*** Data provided

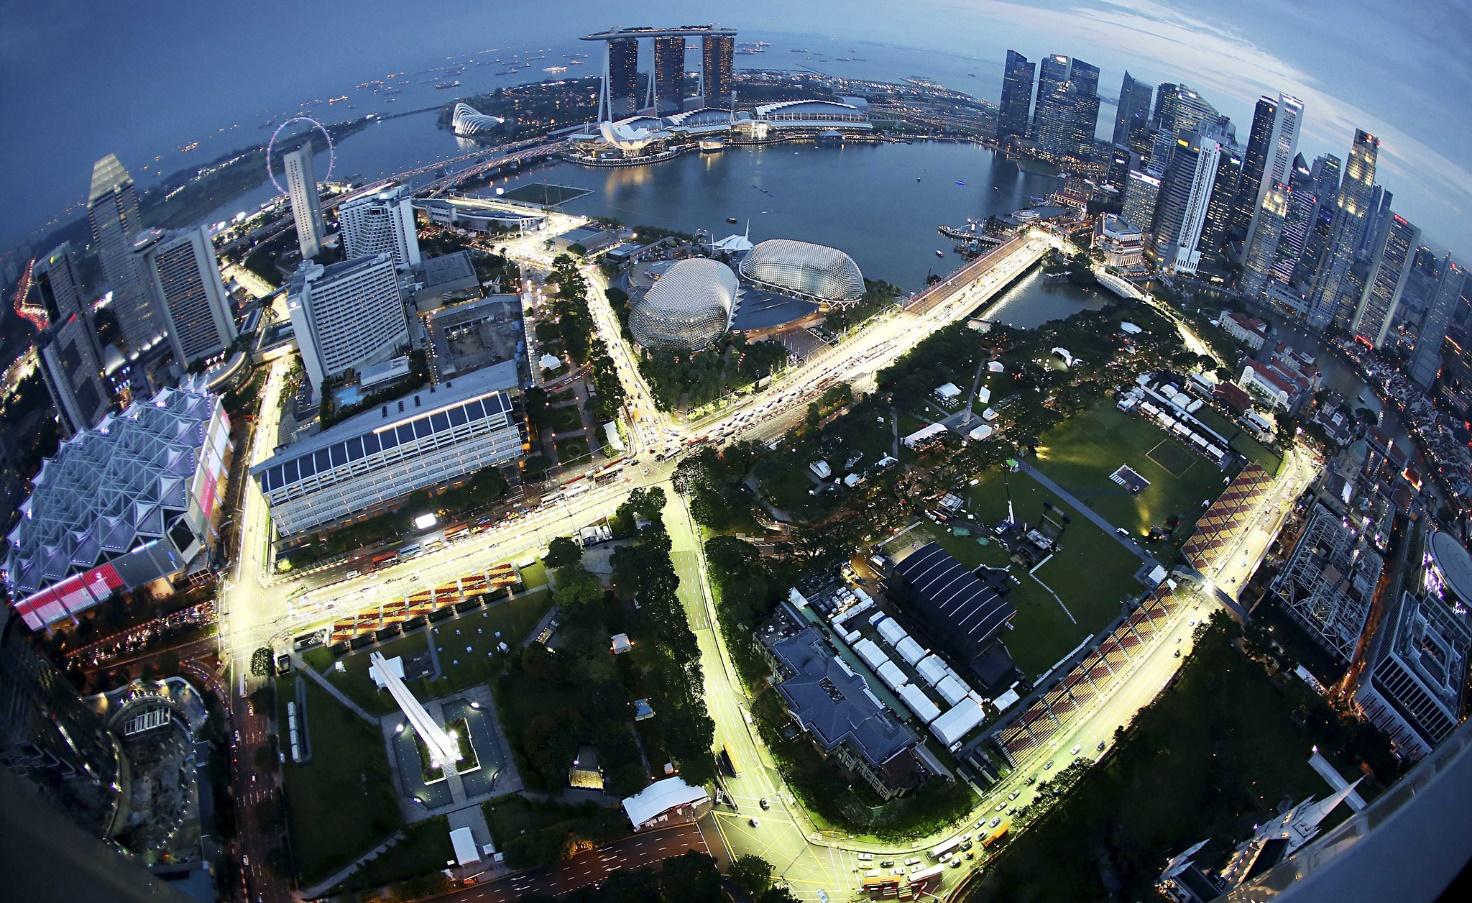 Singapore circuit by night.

******
*** Data provided

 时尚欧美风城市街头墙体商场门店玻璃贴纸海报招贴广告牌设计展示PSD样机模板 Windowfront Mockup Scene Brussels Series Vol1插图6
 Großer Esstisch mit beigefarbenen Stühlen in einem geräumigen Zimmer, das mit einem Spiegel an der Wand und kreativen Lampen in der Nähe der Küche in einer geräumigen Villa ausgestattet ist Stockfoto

******

Required action
For the material above, reproduce exactly the lines from the line with "时尚欧美风城市街头墙体商场门店玻璃贴纸海报招贴广告牌设计展示PSD样机模板 Windowfront Mockup" to the line with "Großer Esstisch mit", inclusive, and exclude all others.

Worked solution
 时尚欧美风城市街头墙体商场门店玻璃贴纸海报招贴广告牌设计展示PSD样机模板 Windowfront Mockup Scene Brussels Series Vol1插图6
 Großer Esstisch mit beigefarbenen Stühlen in einem geräumigen Zimmer, das mit einem Spiegel an der Wand und kreativen Lampen in der Nähe der Küche in einer geräumigen Villa ausgestattet ist Stockfoto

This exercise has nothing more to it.